Fast-food restaurants in San Francisco are now charging 10 cents for toys in response to the city's so-called "Happy Meal ban" -- a move that could start a nationwide trend.

Most McDonald's and Burger King restaurants in the city by the bay began charging the 10-cent fee Dec. 1.

That's the same day a new San Francisco law kicked in, prohibiting free toy giveaways with fast-food meals that don't meet certain nutritional standards, The San Francisco Chronicle reports.

Those standards specify less fat, salt, and sugar in fast-food meals, and require more fruits and vegetables.

The law's sponsor, Supervisor Eric Mar, said he hoped it would encourage fast-food chains to go healthier, especially in light of the growing childhood obesity problem nationwide.

Instead, Mar calls the 10-cent fee a "marketing ploy" -- an easy way to technically comply with the Happy Meal ban, without having to make-over unhealthy menus.

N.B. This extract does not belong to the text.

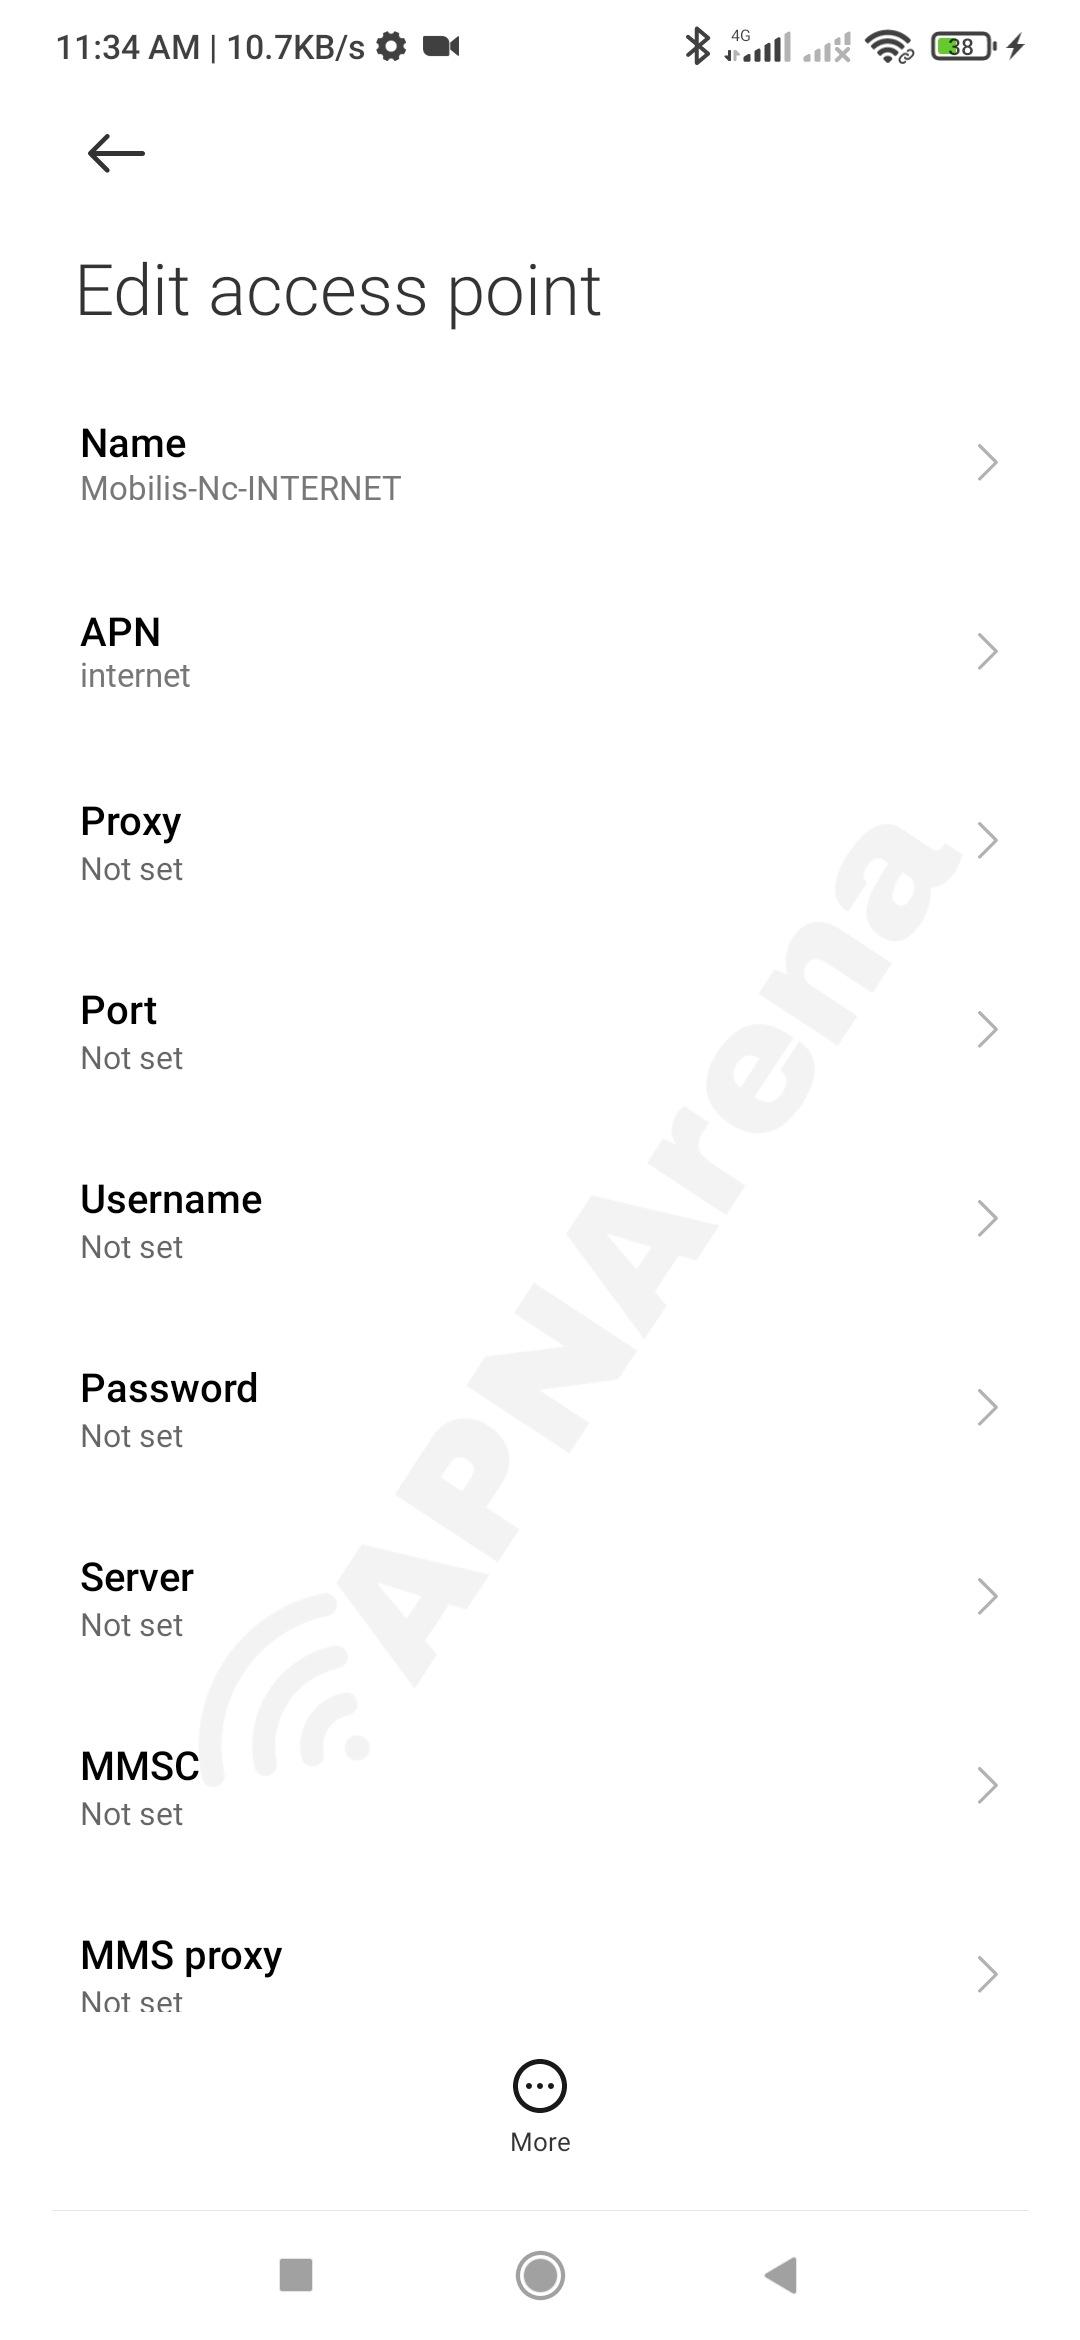 Mobilis New Caledonia APN Settings for Android

Fast-food companies say they won't fight San Francisco's new law. Local governments are generally allowed to enact laws like this under what's known as "police powers" -- the authority to impose reasonable restrictions on private rights to ensure the public's well-being.

Fast-food franchisees are trying to put a happy face on their new 10-cent toy fees. McDonald's will donate proceeds toward building a new Ronald McDonald House in the city, for families with sick children in the hospital. Burger King has not announced plans for its proceeds.

As other locales around the country look into similar laws, San Francisco's "Happy Meal ban" has spurred McDonald's to tweak its menus. All U.S. McDonald's are set to add apples to Happy Meals, and offer smaller french-fry servings, beginning in March.